In this design scenario, we consider EGFR and HER2 as two target proteins for optimization, while solubility, permeability, metabolic stability, toxicity, SAScore, and QED as other biochemical objectives. We first applied the criteria outlined in Table  3 to screen all the molecules, ultimately selecting 2000 molecules. The representative molecules from this selection are presented in Table  4 . These molecules exhibit predicted inhibitory activity against EGFR and HER2 above 6.0, along with satisfactory scores in other ADMET properties, drug‐likeness, and synthetic accessibility. Consistent with previous studies,[ 26 ] the most potent EGFR/HER2 dual inhibitors typically feature a pyrimidine core structure.
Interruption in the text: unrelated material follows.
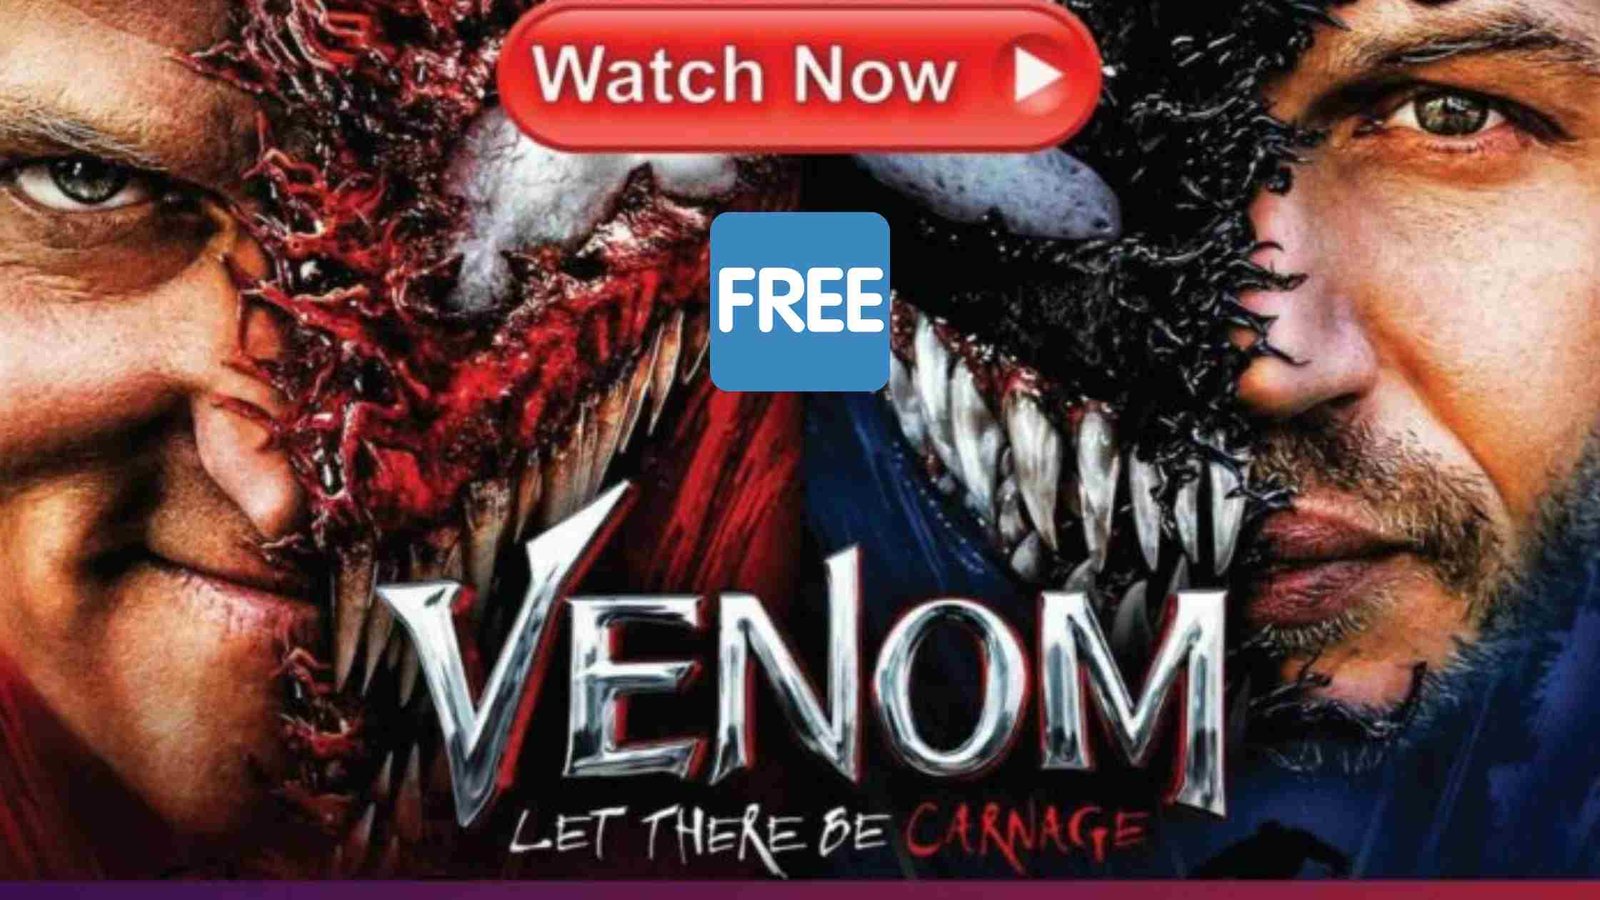 watch venom let there be carnage for free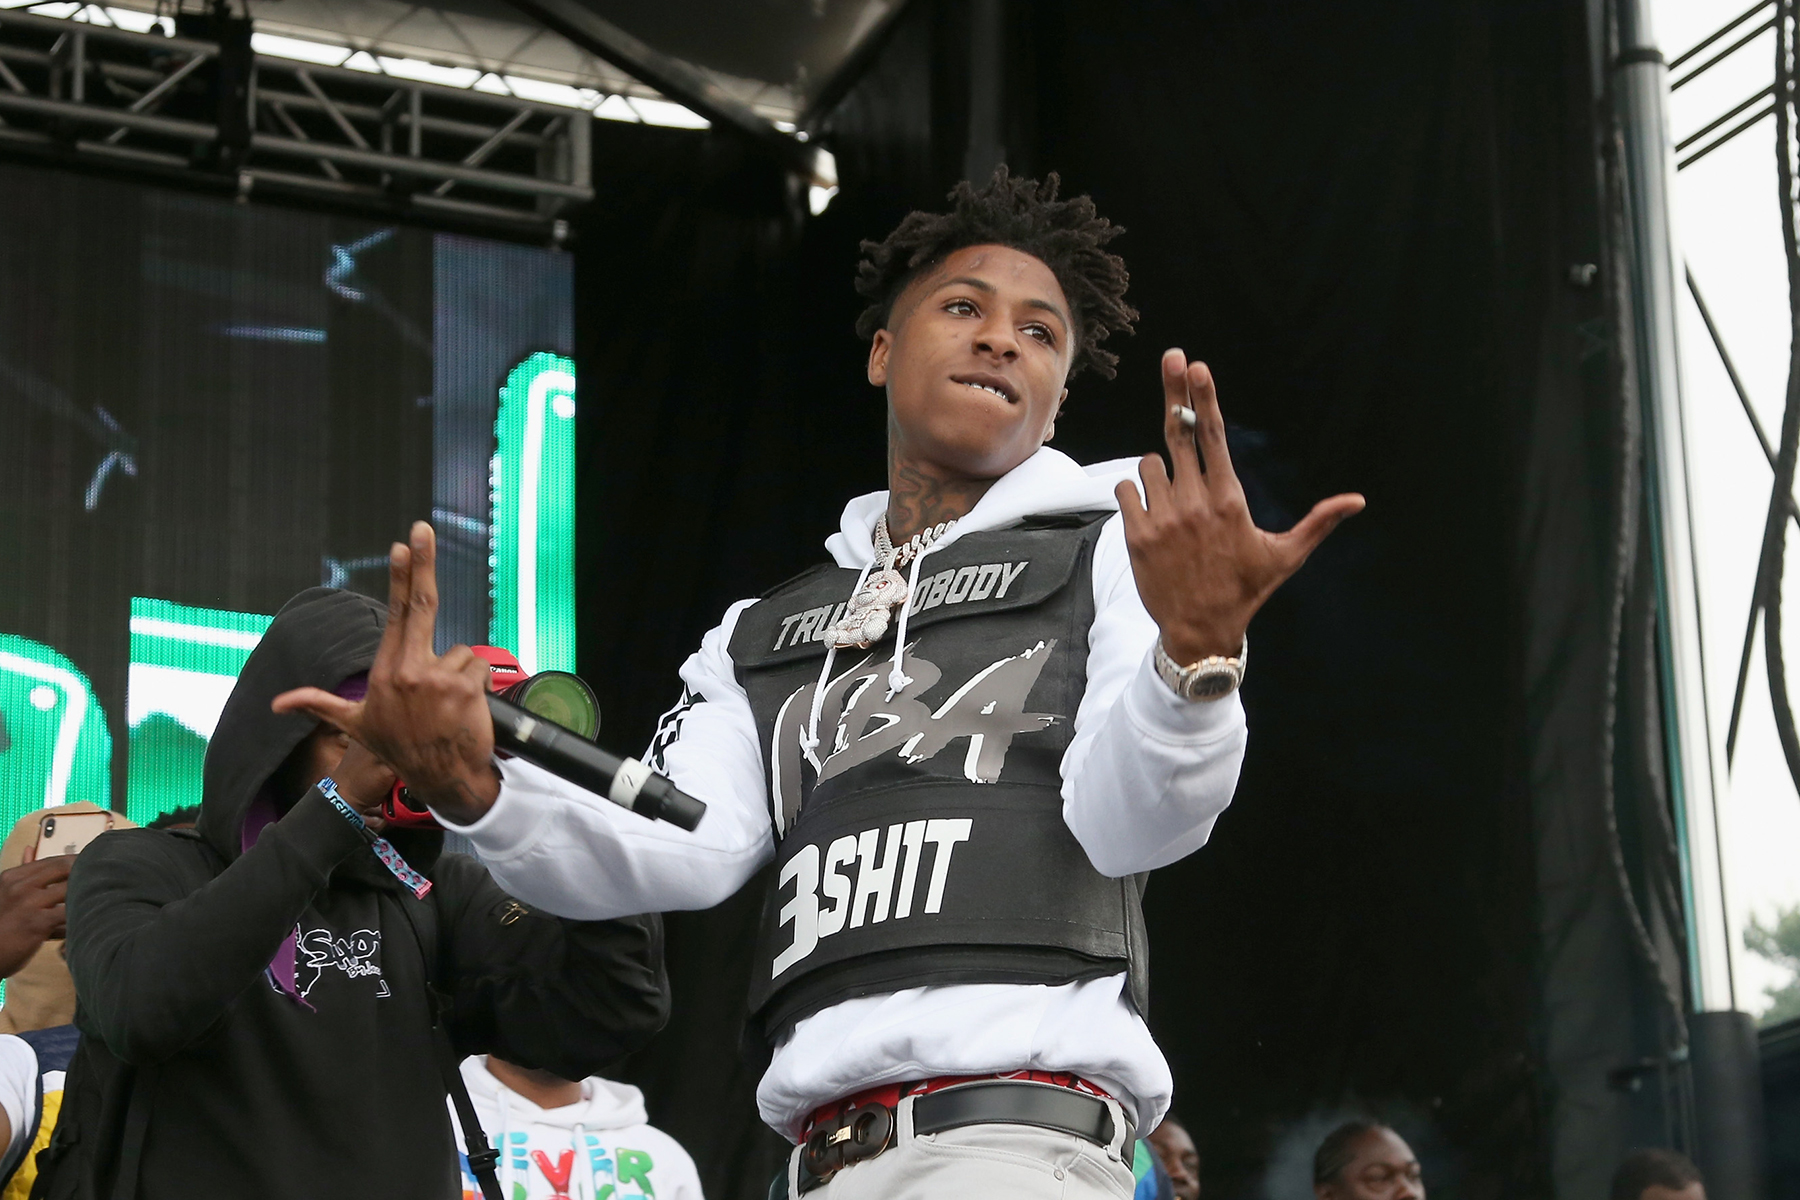 Judge Excludes NBA YoungBoy’s lyrics from His L.A. Trial

In the case of de novo generation, the majority of molecules in Table 4 also possess a pyrimidine core structure, demonstrating the scientific validity and effectiveness of the generation method.

Table 3.

Criteria of objectives.

Objective Criteria
EGFR >5.5
HER2 >5.5
Solubility >−3.5
Permeability >0.4
Metabolic stability >45
Toxicity <3
QED >0.6
SAScore <4

Table 4.

Examples of Molecules with Predicted Properties Generated by PMMG.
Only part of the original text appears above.